The FreeBSD base system has adopted this broadly. Since FreeBSD 10 and 11, utilities including tcpdump, grep, sort, gzip, and dhclient use Capsicum. For processes that legitimately need services requiring global namespace access after entering capability mode (DNS resolution, syslog, group lookups), FreeBSD provides the Casper library (libcasper), which runs a supervised helper process that the sandboxed process communicates with over a socket. The Capsicum process holds a CAP_READ/CAP_WRITE fd to the Casper socket; Casper performs the privileged operation and returns the result.

How seccomp Works

seccomp (Secure Computing Mode) entered Linux in 2.6.12 in 2005 as a strict mode limiting processes to four syscalls: read, write, exit, and sigreturn. The practically useful seccomp-bpf mode arrived in Linux 3.5 in 2012, driven largely by the Chrome sandbox team.

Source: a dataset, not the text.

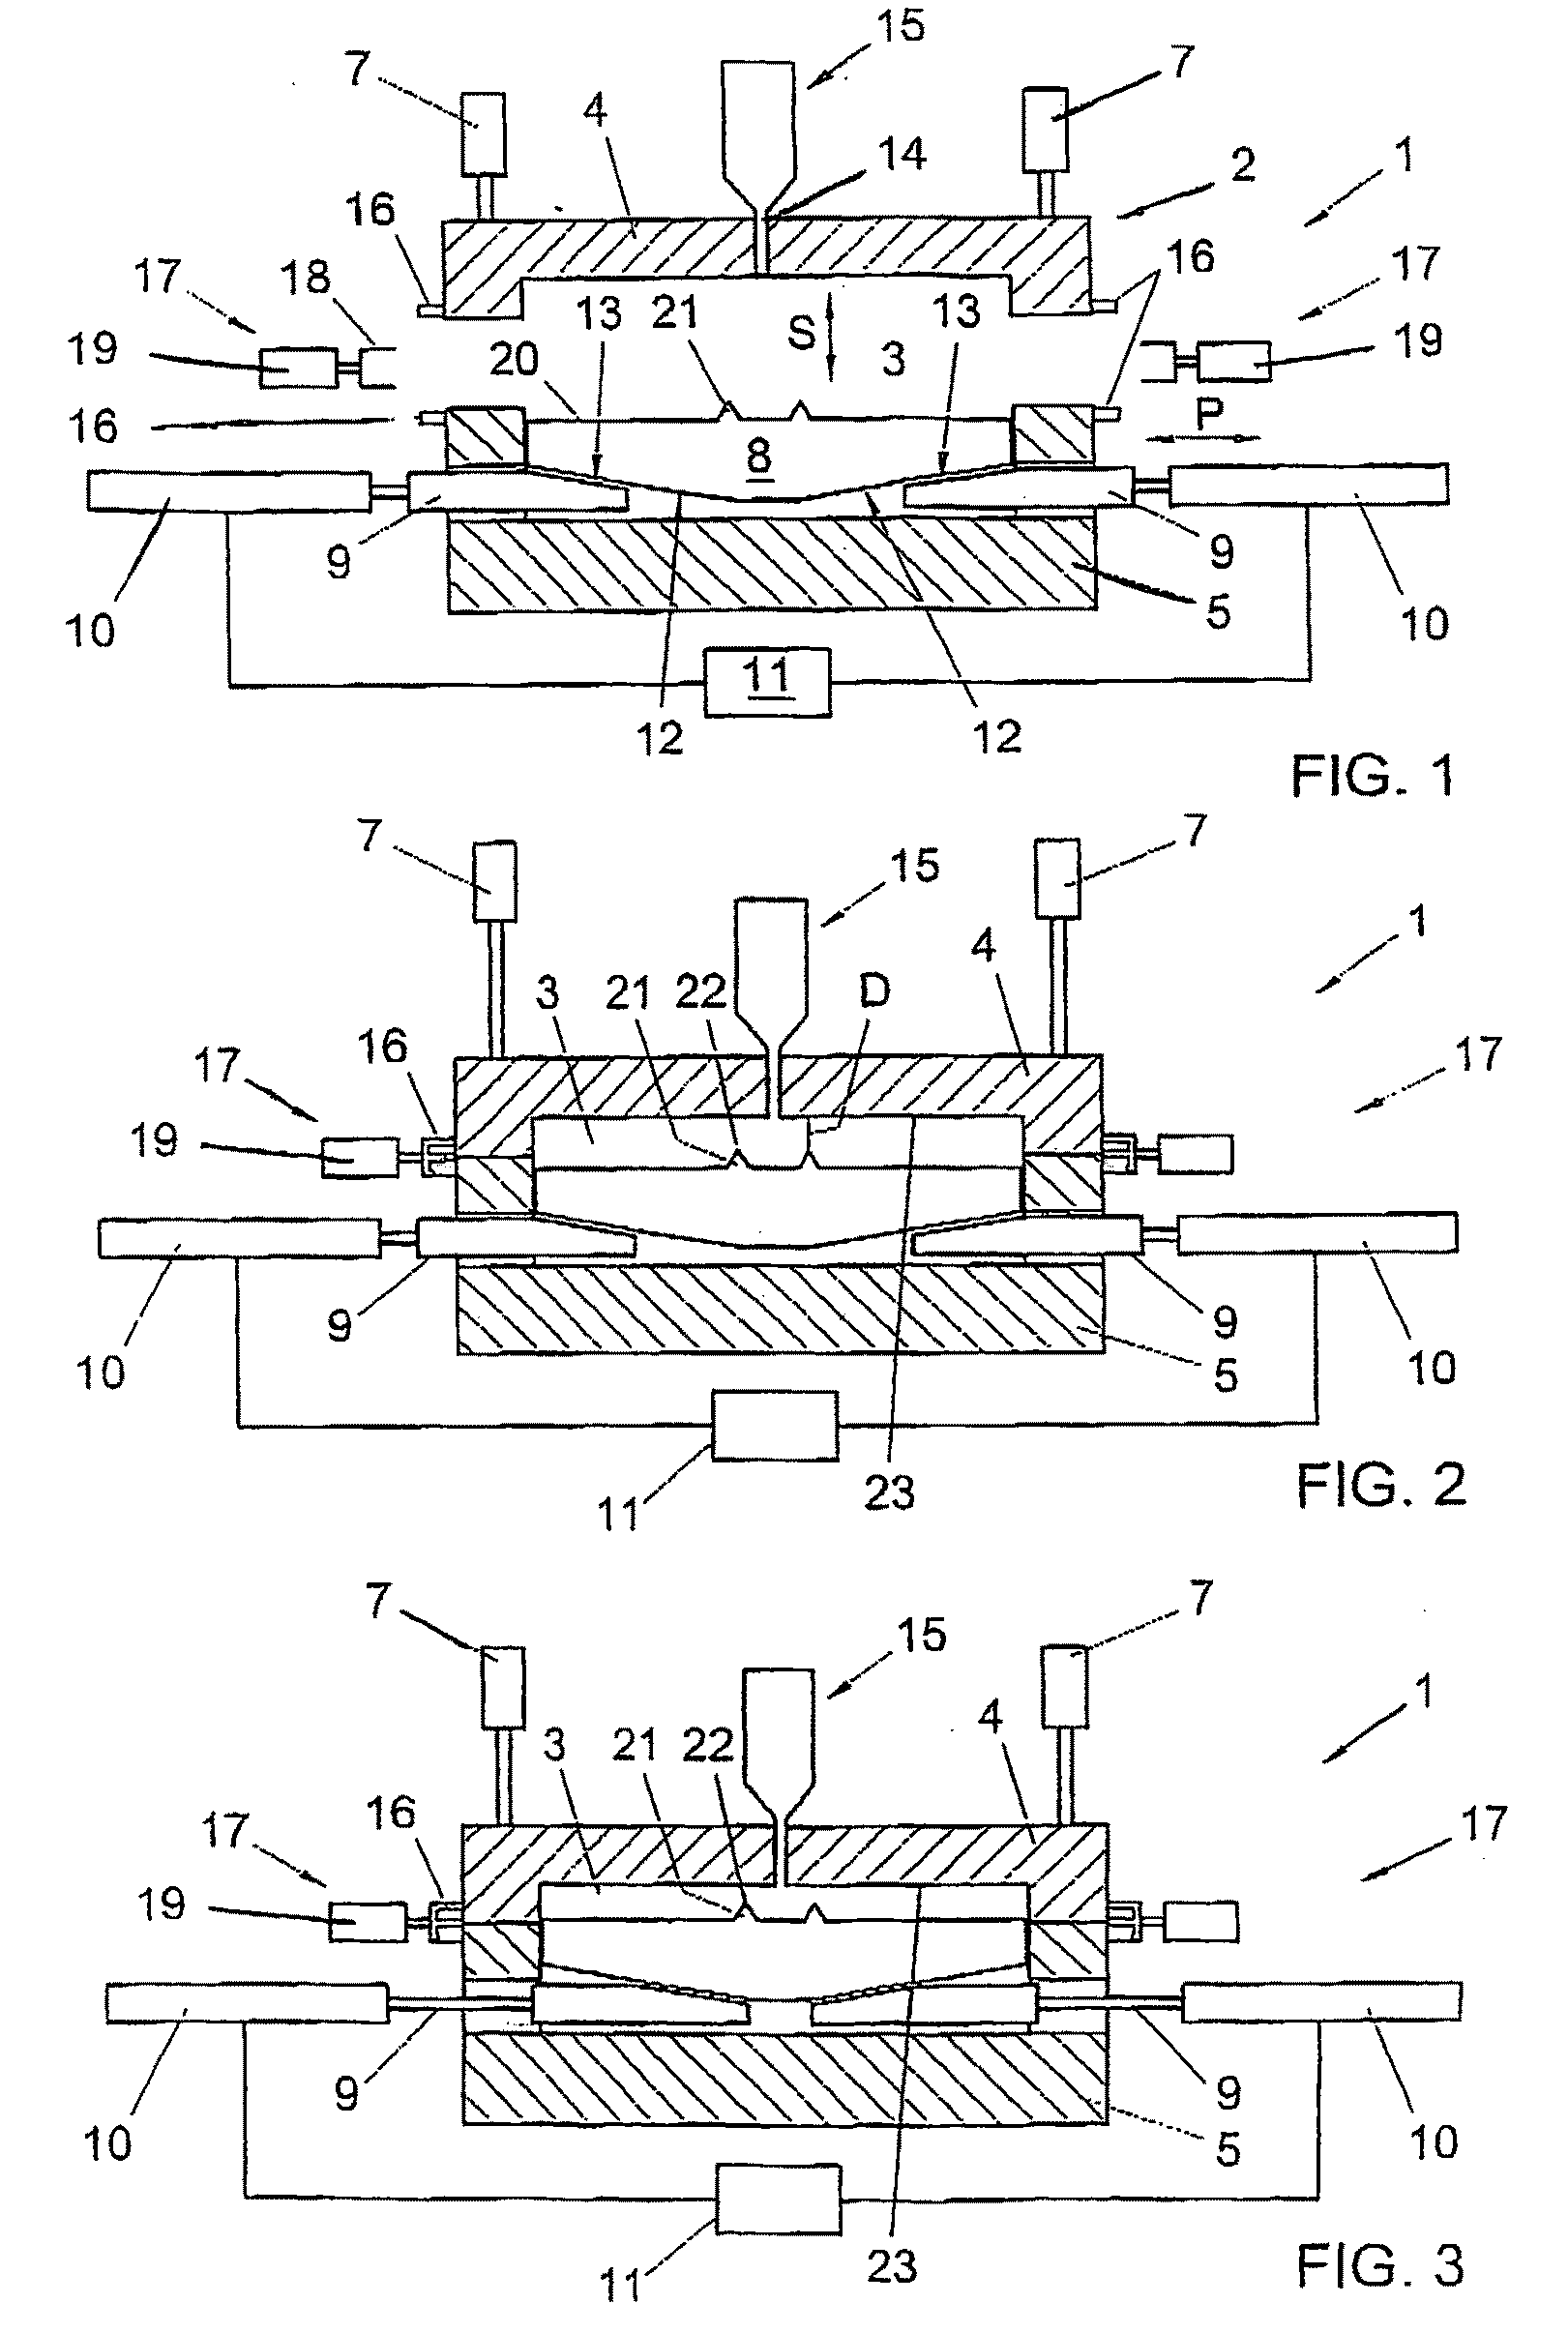 Apparatus and method for manufacturing products from a thermoplastic mass
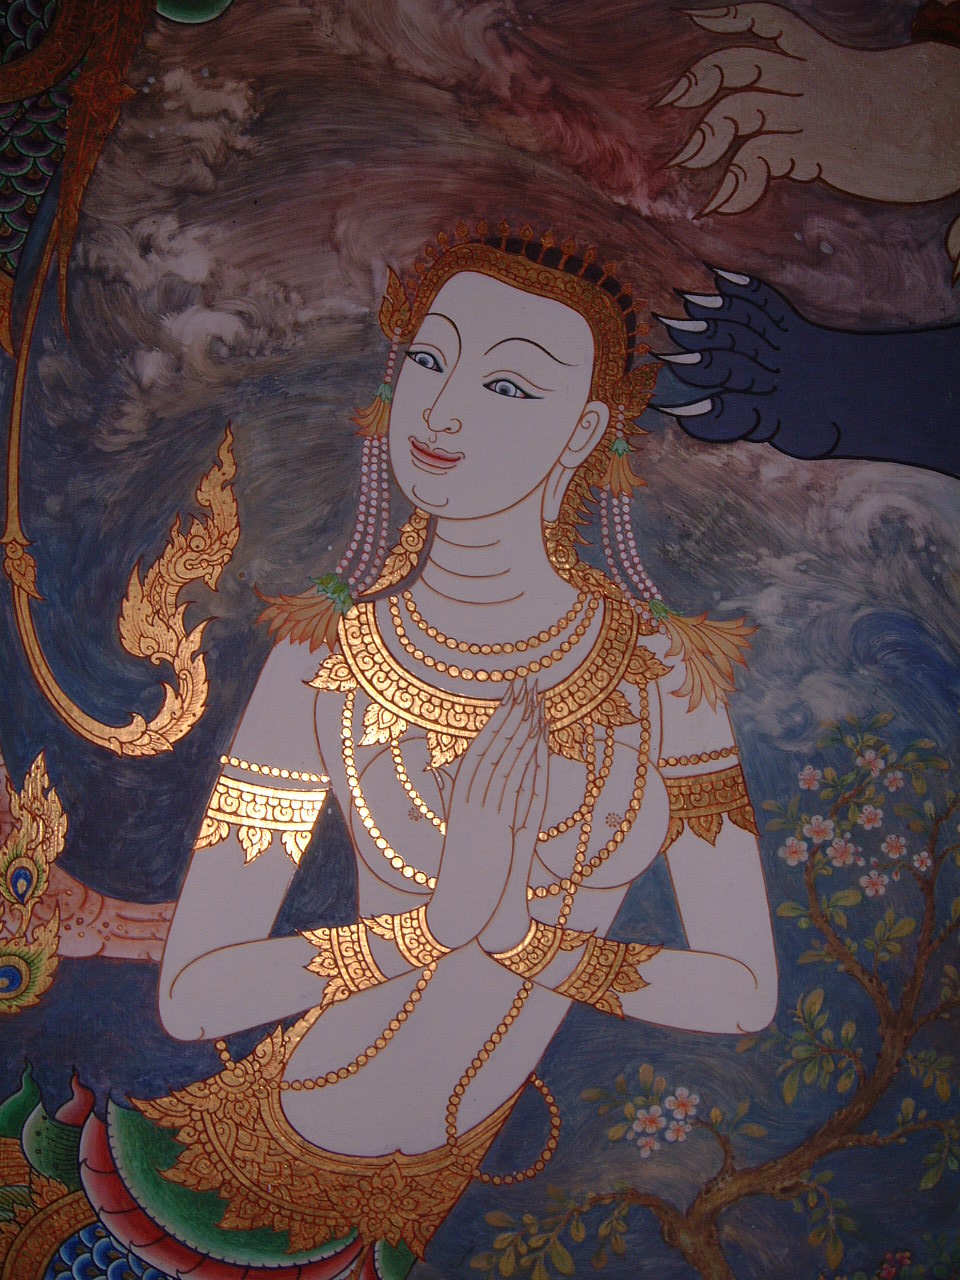 An illustration of a mythical figure with her hands together.

In filter mode, the process installs a classic BPF program that runs on every syscall entry. The program receives a struct seccomp_data containing the syscall number, architecture, instruction pointer, and six register arguments. It returns an action:

#include <linux/seccomp.h>
#include <sys/prctl.h>

prctl(PR_SET_NO_NEW_PRIVS, 1, 0, 0, 0);

struct sock_filter filter[] = {
    BPF_STMT(BPF_LD | BPF_W | BPF_ABS,
             offsetof(struct seccomp_data, arch)),
    BPF_JUMP(BPF_JMP | BPF_JEQ | BPF_K, AUDIT_ARCH_X86_64, 1, 0),
    BPF_STMT(BPF_RET | BPF_K, SECCOMP_RET_KILL_PROCESS),
    BPF_STMT(BPF_LD | BPF_W | BPF_ABS,
             offsetof(struct seccomp_data, nr)),
    BPF_JUMP(BPF_JMP | BPF_JEQ | BPF_K, __NR_read, 0, 1),
    BPF_STMT(BPF_RET | BPF_K, SECCOMP_RET_ALLOW),
    BPF_STMT(BPF_RET | BPF_K, SECCOMP_RET_KILL_THREAD),
};
struct sock_fprog prog = { .len = 7, .filter = filter };
seccomp(SECCOMP_SET_MODE_FILTER, 0, &prog);

Note the architecture check at the start. This is mandatory: syscall numbers vary across architectures (on x86-64, open is syscall 2; on 32-bit x86, it is syscall 5; on ARM64, it is syscall 56), and a 64-bit process can invoke 32-bit syscalls via int 0x80, bypassing an x86-64-numbered filter entirely unless AUDIT_ARCH is verified first. The libseccomp library handles this portability concern automatically when generating filters from higher-level rules.

Filters stack: each seccomp(SECCOMP_SET_MODE_FILTER, ...) call adds to the chain, with all filters running and the most restrictive result winning. The NO_NEW_PRIVS requirement prevents a sandboxed process from regaining privileges through setuid exec.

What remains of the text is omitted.